### Your goal
Please copy out the full listing that follows exactly; no picture belongs in the copy.

### Data section
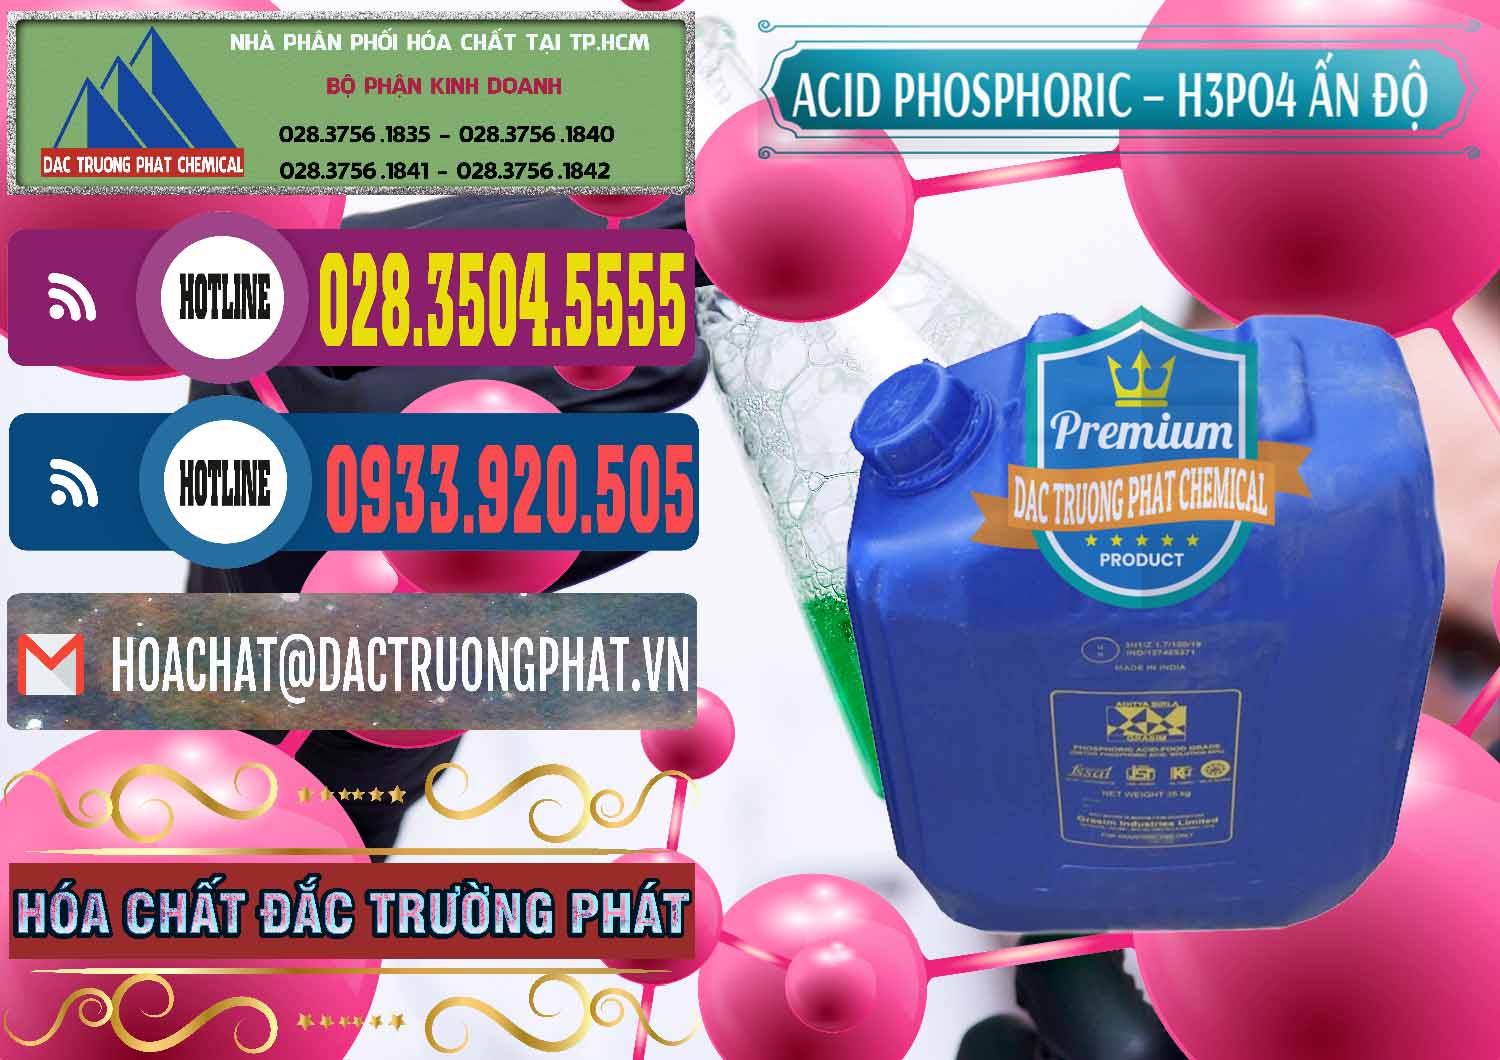 Công ty bán _ cung cấp Axit Phosphoric H3PO4 85% Ấn Độ - 0350 - Cty chuyên cung cấp và nhập khẩu hóa chất tại TP.HCM - muabanhoachat.com.vn
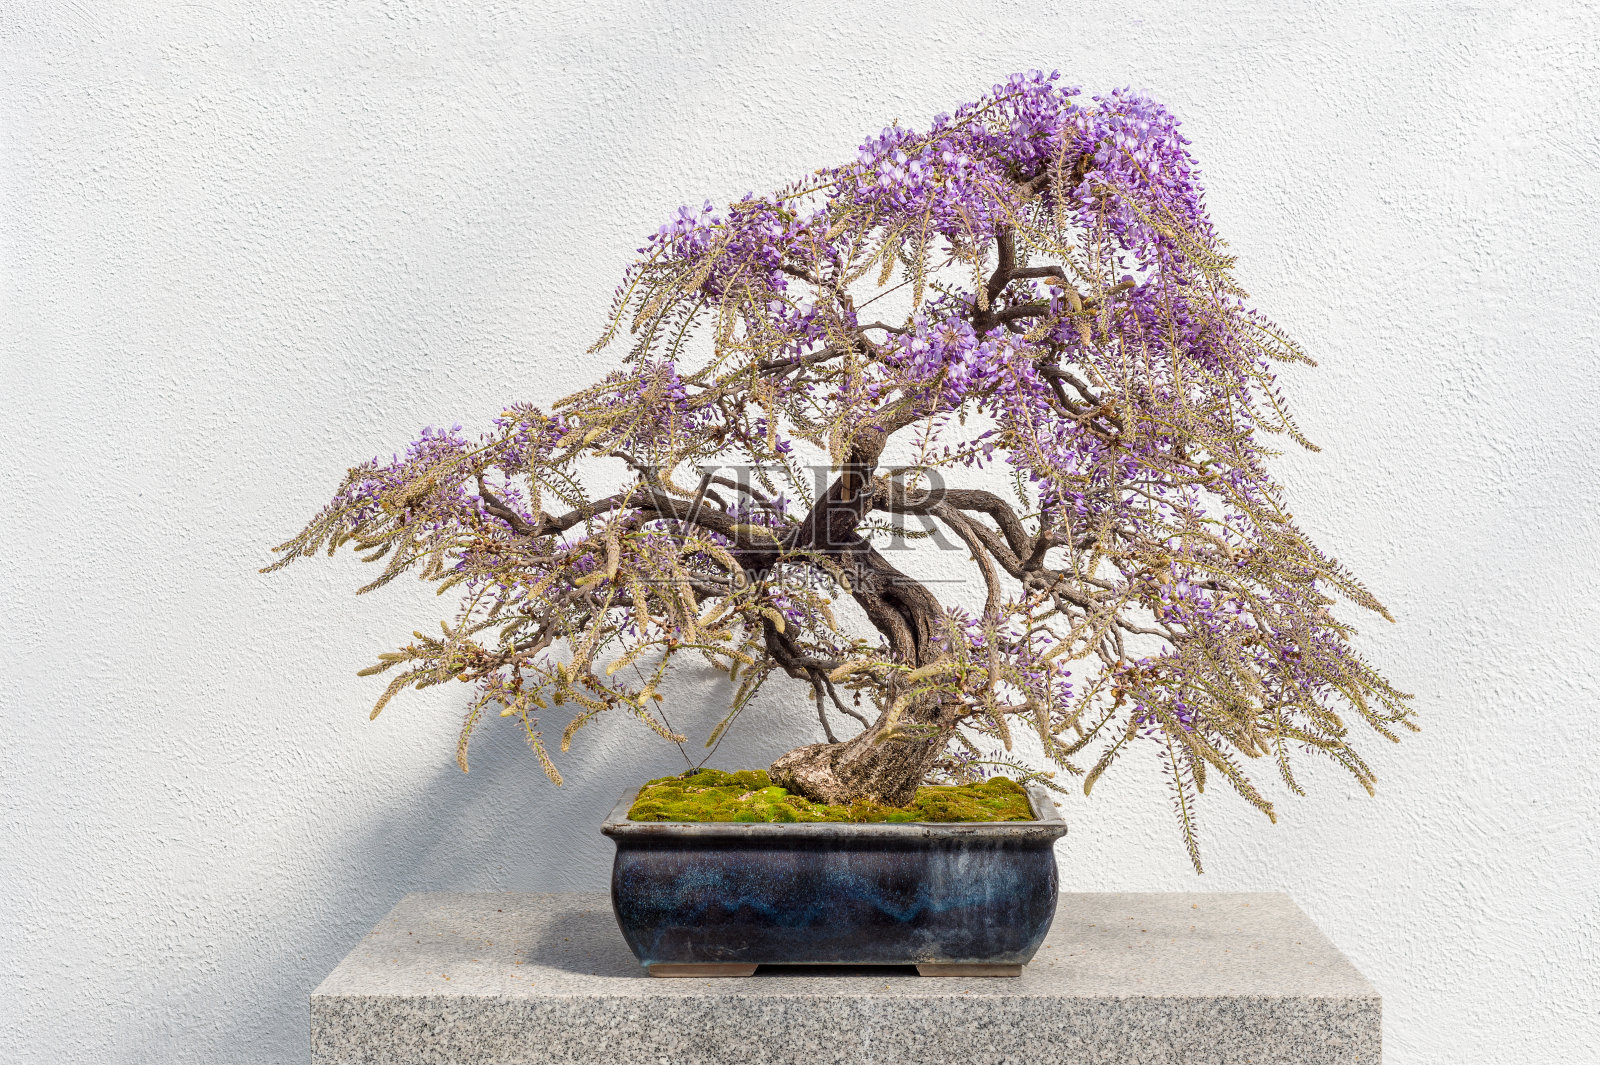 盛开的日本紫藤盆景照片摄影图片
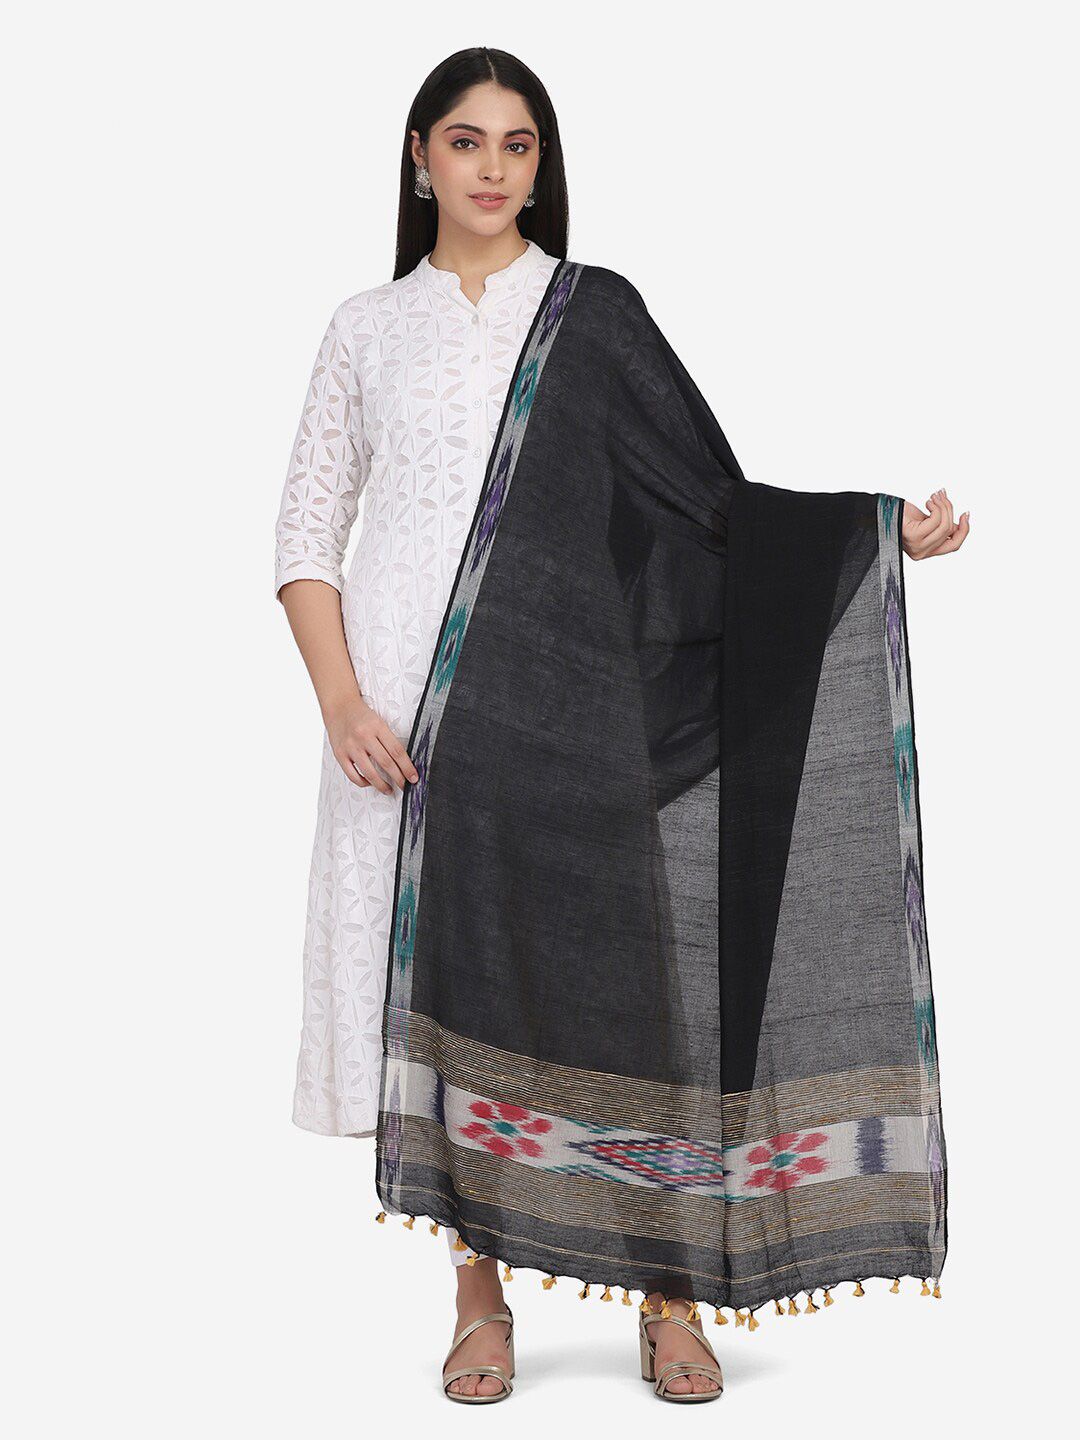 THE WEAVE TRAVELLER Black & White Woven Design Pure Cotton Dupatta Price in India
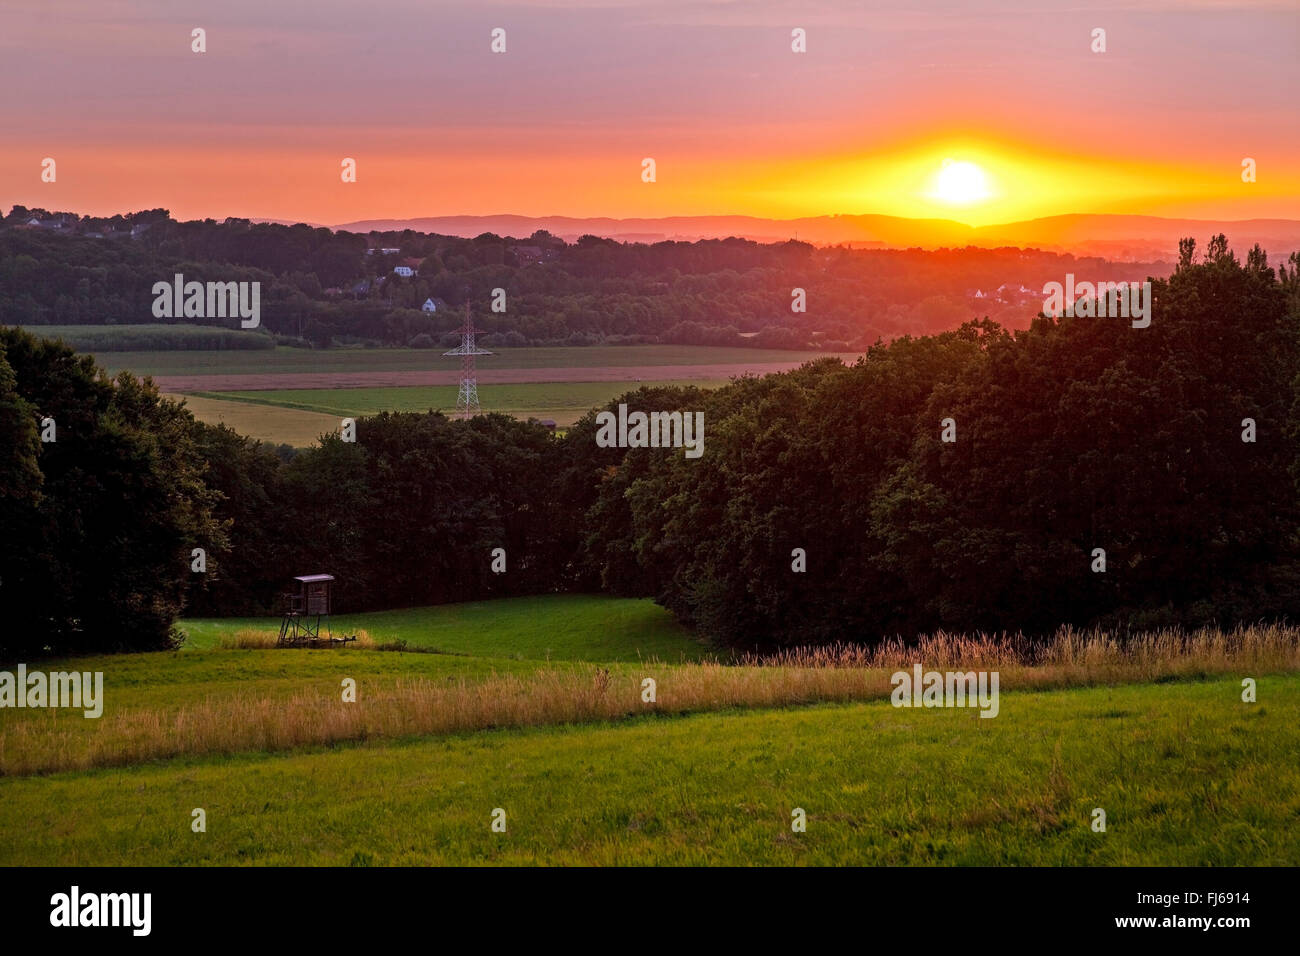 Suggestivo tramonto in un paesaggio collinare nei pressi di Herford al Weserbergland, in Germania, in Renania settentrionale-Vestfalia, East Westfalia, Herford Foto Stock

### Exercise answer
 Công ty bán _ cung cấp Axit Phosphoric H3PO4 85% Ấn Độ - 0350 - Cty chuyên cung cấp và nhập khẩu hóa chất tại TP.HCM - muabanhoachat.com.vn
 盛开的日本紫藤盆景照片摄影图片
 THE WEAVE TRAVELLER Black & White Woven Design Pure Cotton Dupatta Price in India
 Suggestivo tramonto in un paesaggio collinare nei pressi di Herford al Weserbergland, in Germania, in Renania settentrionale-Vestfalia, East Westfalia, Herford Foto Stock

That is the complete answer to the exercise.